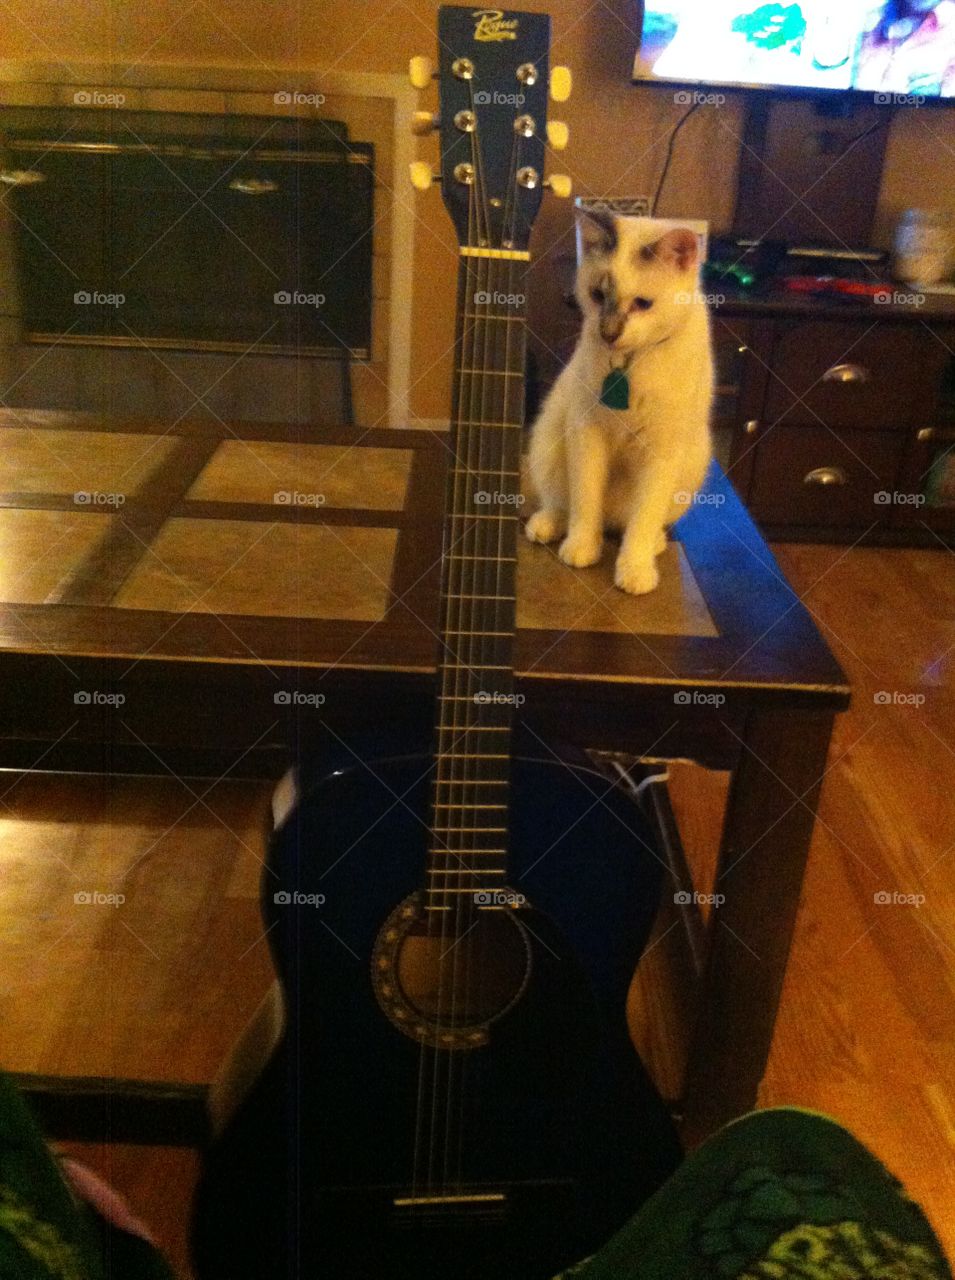 Yayo and his guitar
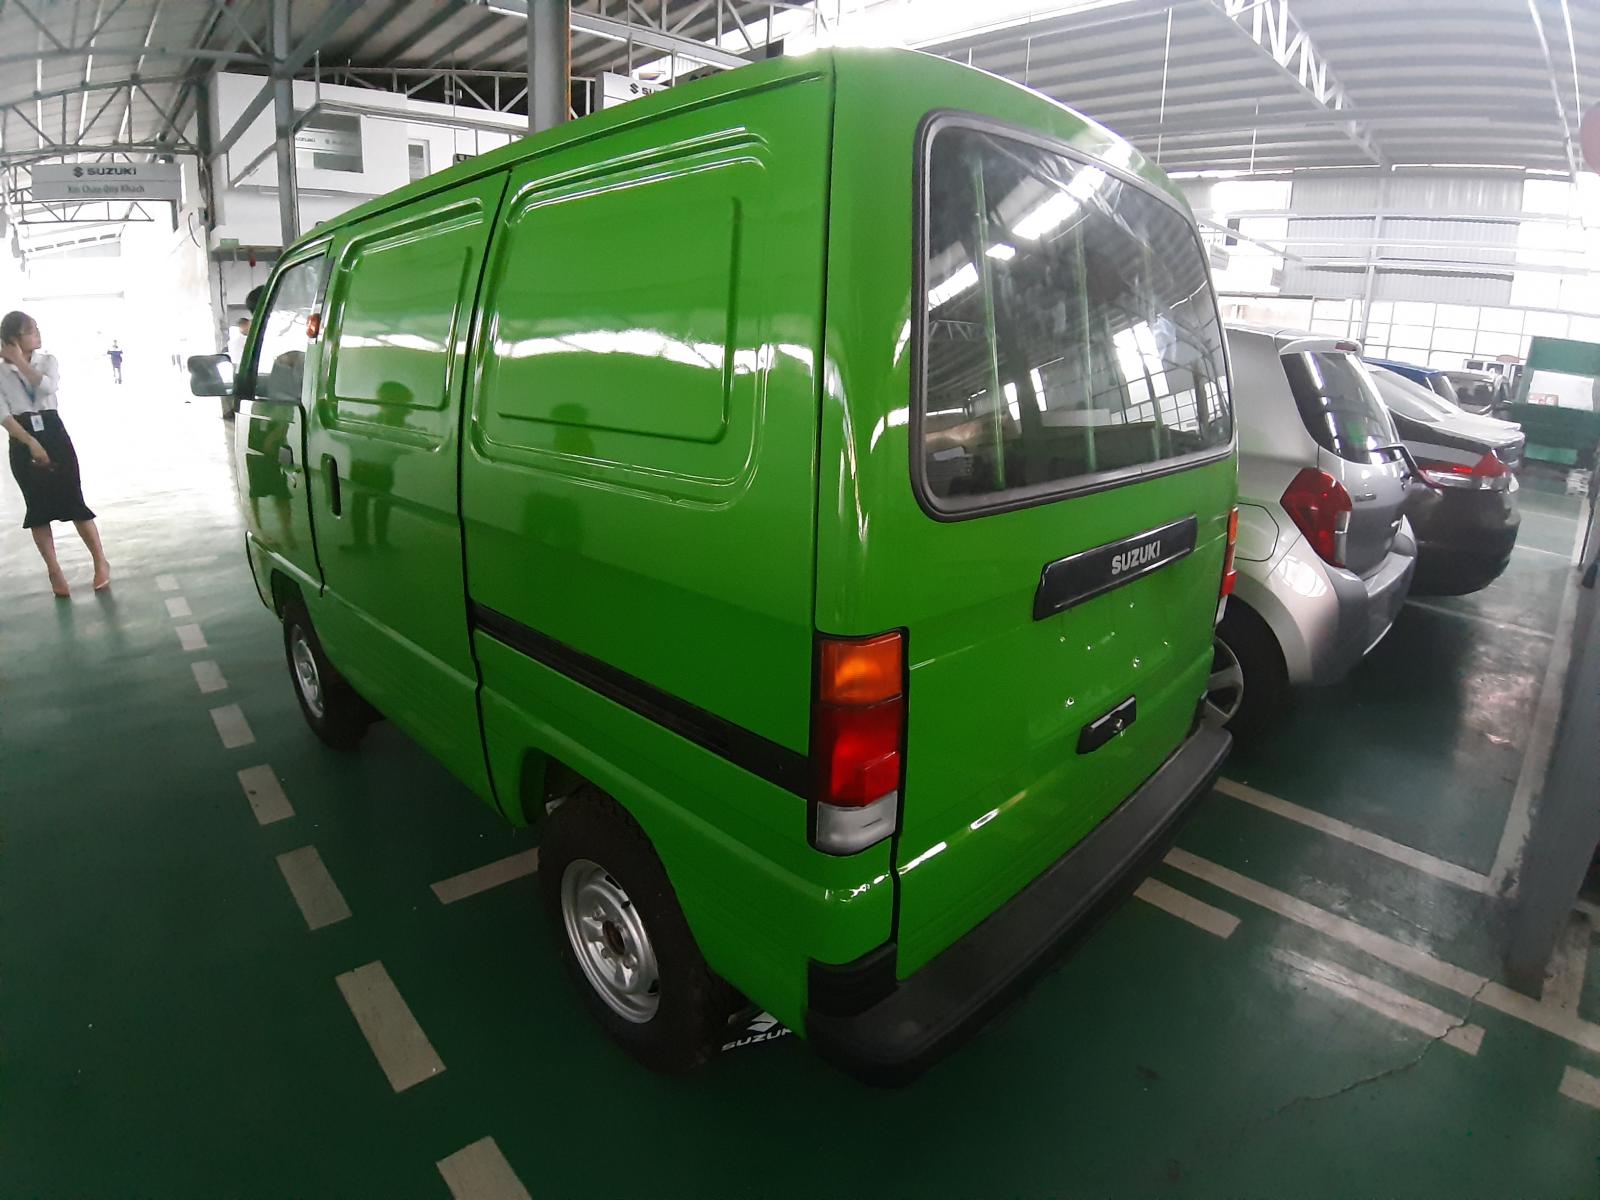 Suzuki Blind Van 2019 - Xe tải chạy giờ cấm giá hạt dẻ
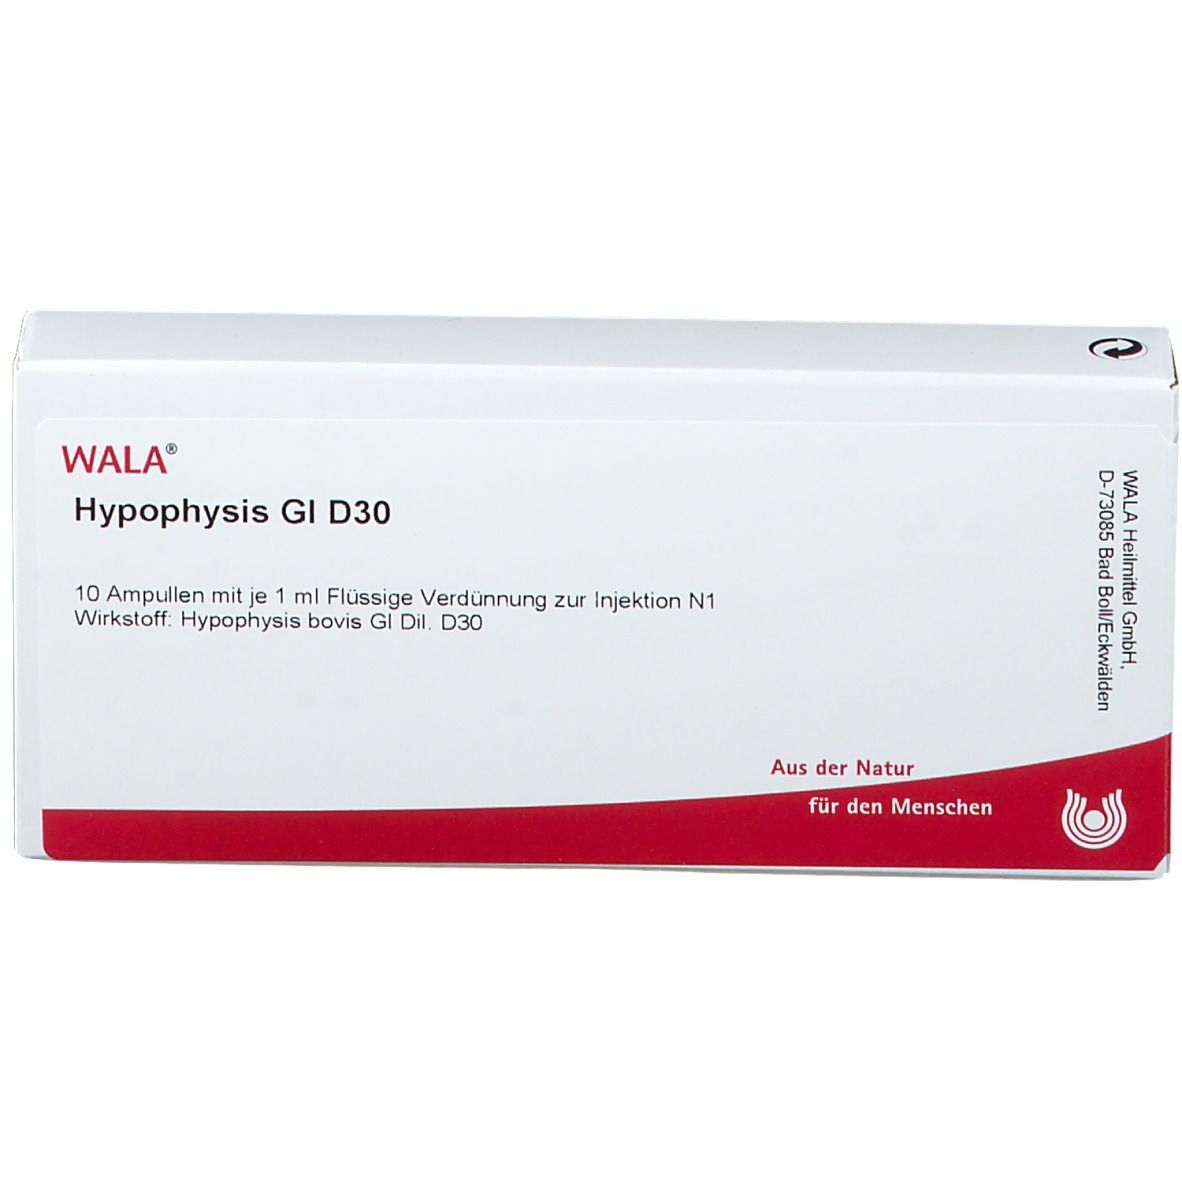 WALA® Hypophysis Gl D 30 Amp.

Task directions: Only the lines from the one containing "Suzuki Blind Van" through the last line of the material are to be restated word for word; no picture is to be included.

Your response:
 Suzuki Blind Van 2019 - Xe tải chạy giờ cấm giá hạt dẻ
 WALA® Hypophysis Gl D 30 Amp.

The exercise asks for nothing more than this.